I’ve been spending a lot of time with del.icio.us lately, and am struck by the “me-ness” of the service, as explained by peterme:
While del.icio.us thrives as a “social bookmark” site, it depends on the me-ness of the activity — by and large, I’m saving items to del.icio.us that interest me, that I might want to return to later, and the posting-for-others aspect is largely secondary. It’s an added benefit, but not the raison d’etre.
One of the key emerging trends we’re seeing with things like del.icio.us and Flickr is the merging of personal information architecture and public/shared/group/emergent information architecture. And one of the things we’re seeing in the *use* of these systems is self-centeredness — how else do you explain the prevalence of “me” on Flickr?
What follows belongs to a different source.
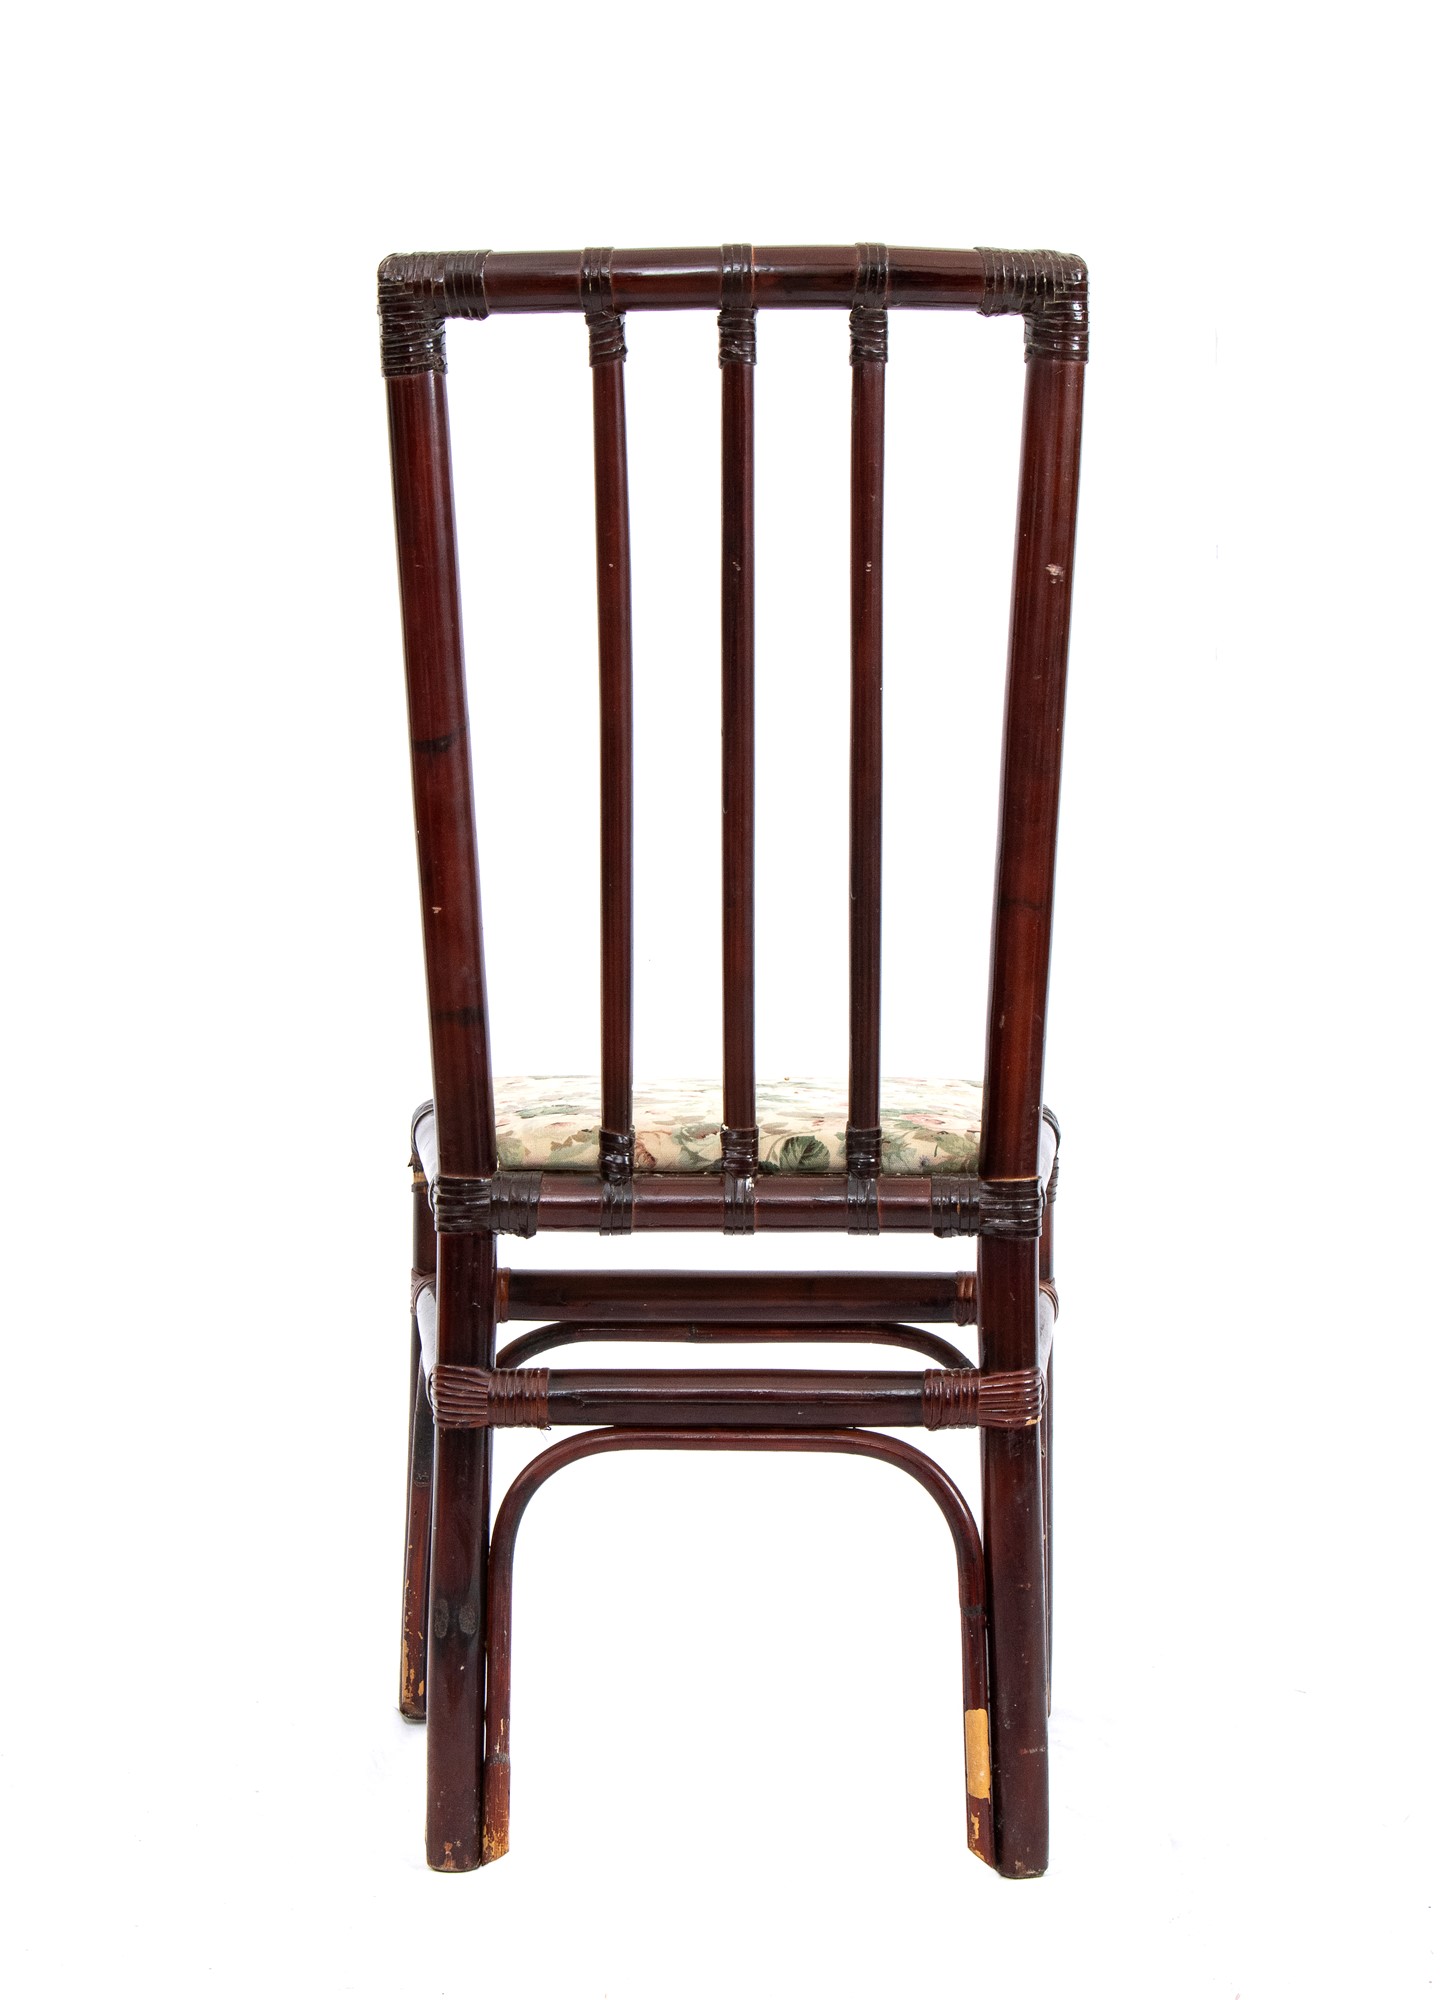 Six chairs with lacquered bamboo structure - Image 12 of 15

To get back to the notion of annotating space — I would argue that people will annotate space much like they annotate the web, or annotate their photos… More in a notebook sense, a journaling sense. The annotations are explicitly *not* “meant for other people” — they’re meant for yourself, they only have to make sense for yourself, and if others stumble across them, great, fine.
Jon Udell called it: real-time bookmarking and tagging and tight feedback loops lead to better collective filtering and sharing of information in an increasingly interconnected world.
My delicious page is now something I think about whenever I visit a page and think to myself that I might want to visit that page again. It’s like explicity pointing out parts of my personal web that I would highly recommend to others.